De Commissie was op 31 December 1921 alzoo samengesteld uit
de volgende heeren
H. j. Moll, Wethouder, Voorzitter.
H. J. H. Hornix.
Mevr. J. M. Neve-Reintjes.
C. J. Kluft.
F. F. X. Cerutti, Secretaris.
Het personeel, aan de inrichting verbonden, kweet zich, evenals
in vorige jaren, met ijver van zijne taak.

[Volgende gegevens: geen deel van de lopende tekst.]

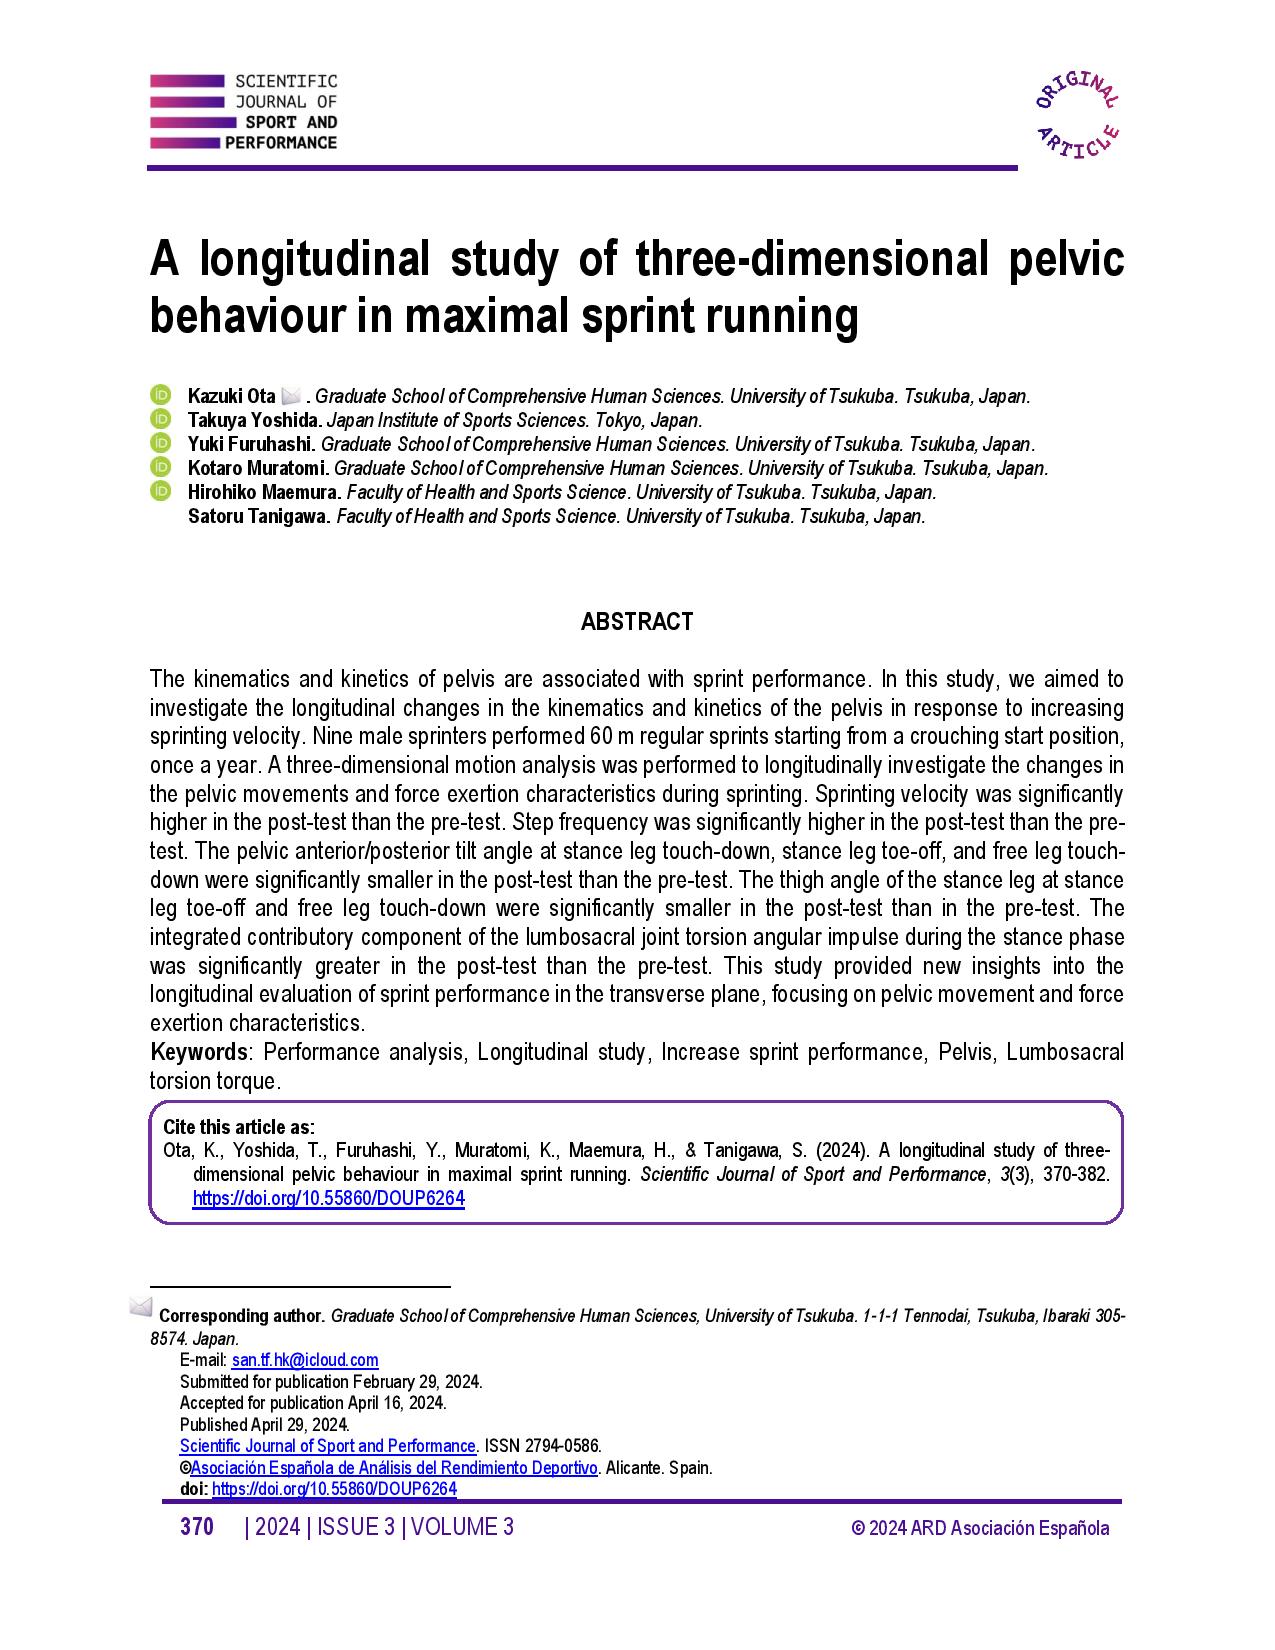 A longitudinal study of three-dimensional pelvic behaviour in maximal sprint running
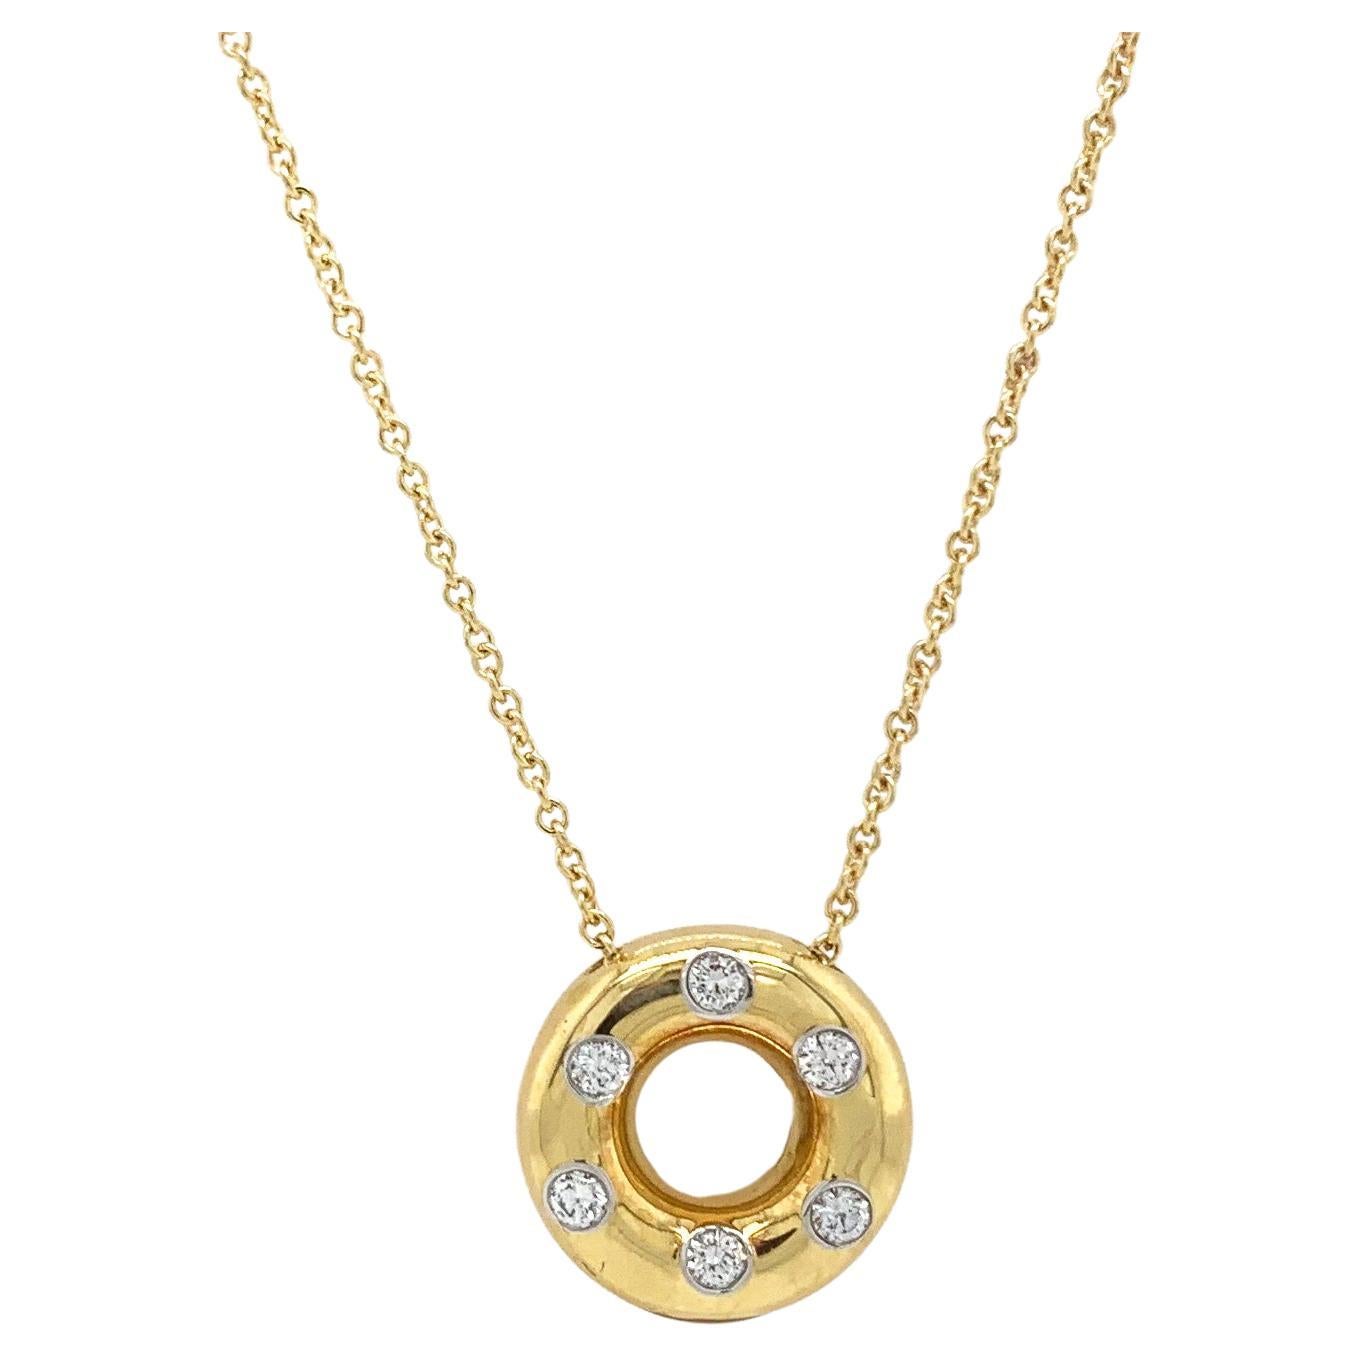 Tiffany & Company Etoile Diamond Pendant Necklace in 18k Yellow Gold

Directeur der Bank is L. C. A. Smeulders.
De verdere beambten zijn
C. A. Haast, schatter.
J. J. Thiellier, magazijnmeester.
De gebouwen bevinden zich in goeden staathet onderhoud ge
schiedt op voldoende wijze.
De gevoerde administratie gaf geen aanleiding tot opmerkingen
alle in het Reglement voorgeschreven registers werden geregeld
bijgehouden.
De verificatie der kas, het nazien der boeken, alsmede de controle
in de magazijnen, hebben steeds geregeld plaats gehad en geen reden
tot aanmerking gegeven.
BREDA, 7 April 1922.
De Commissie voor de Gemeentelijke
Bank van Leening
H. J. MOLL, Voorzitter.
CERUTTI, Secretaris.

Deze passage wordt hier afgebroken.